Furthermore, Hayter said it was crucial to acknowledge that in 2020 there is a much broader array of market participants, larger market players, more established exchanges and a far more developed derivatives market.

“All of this means that we may see less of a price increase in the year following the halving,” Hayter said. “One of the reasons for smaller prices gains or appreciation is that crypto miners have less influence. During previous halving cycles, miner selling was a bigger determinant of the sell pressure in bitcoin markets. In 2016, miners likely had a far bigger impact on the bitcoin price, as miners selling their bitcoins represented a larger and more impactful component of bitcoin sell pressure.”

But this year this might be different.

“Now however, with far higher spot and derivatives volumes, and more market participants, the drop in sell pressure from miners selling half the number of bitcoins will have less of an impact on the total sell pressure,” Hayter said. “We might therefore expect less of an impact in the months following this year’s May halving, and therefore less of a surge in price.”

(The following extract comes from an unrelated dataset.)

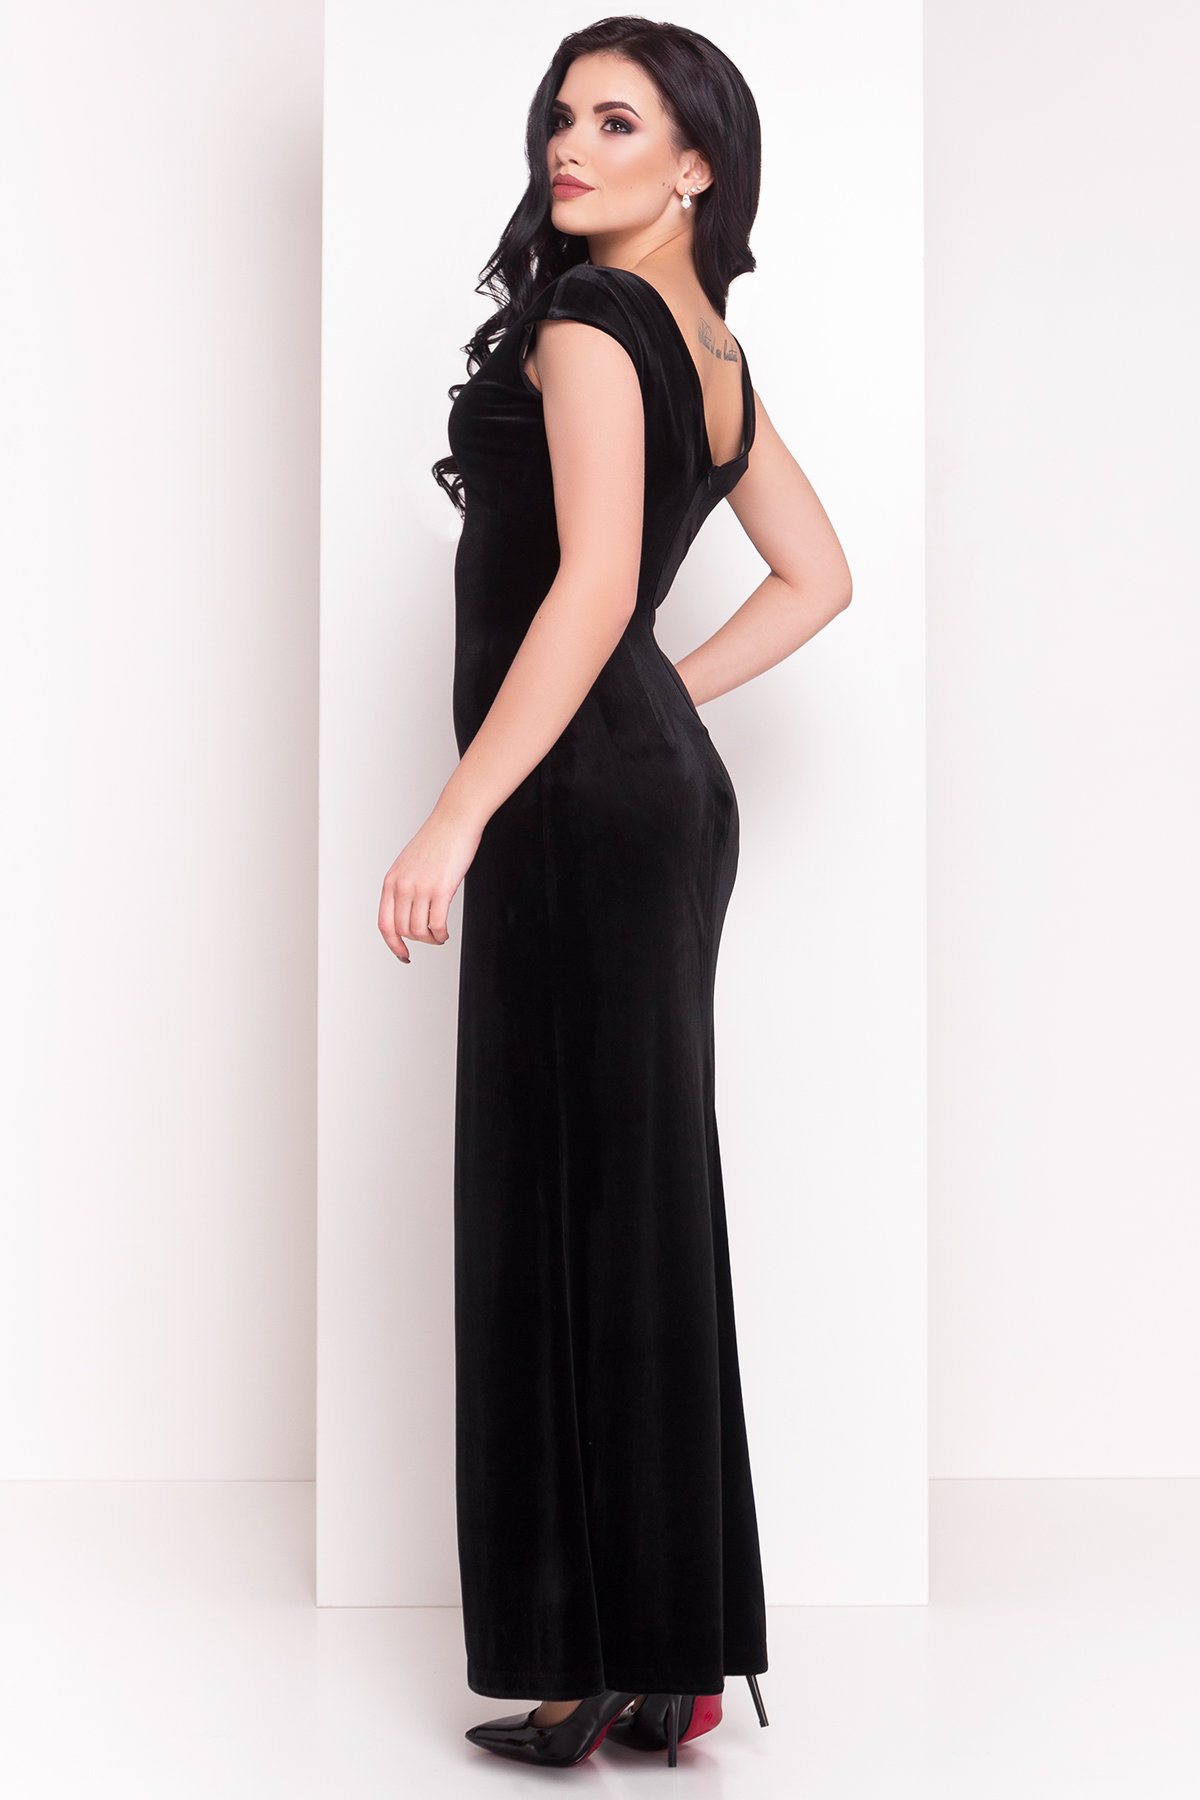 Платье Агата 4315 АРТ. 21069 Цвет: Черный - фото 3, интернет магазин tm-modus.ru

What does the options market have to say?

According to Hayter, the more mature derivatives market of 2020 gives a better picture than in 2016 of what the market thinks. Specifically, the bitcoin options market gives some insight into what the market believes will happen.

“If we look at the skew at the moment of the implied volatility for bitcoin options we can see that the market is more concerned about the downside of bitcoin dropping in price, than the potential upside,” Hayter said.

In short, the options market does not expect the bitcoin price to rise much and is more concerned about the price dropping. This also currently holds for contracts expiring in June, September and even December, as we can see below for OKEx and Deribit for options expiring in September:

And what about the elephants in the room?

Hayter and Green both noted that the Covid-19 pandemic and Bitcoin’s ‘Black Thursday’ have skewed the markets.

It is hard to ignore the impact of Covid-19 and the massive effect it has had on financial markets, Hayter said. With crypto markets by and large tracking equities throughout the financial turmoil of recent months, Bitcoin saw one of its biggest single day drops on March 12-13th, plunging over 40% to trade below $4,000 on some venues, as stock markets took a beating.

“Comparisons with previous halving cycles therefore, cannot ignore the impact of enormous macro events like the coronavirus crisis, the fact that bitcoin now seems to track equities quite closely, and that such dramatic external shocks to the bitcoin price so close to the halving may negate much of the supposed impact of these events,” he said.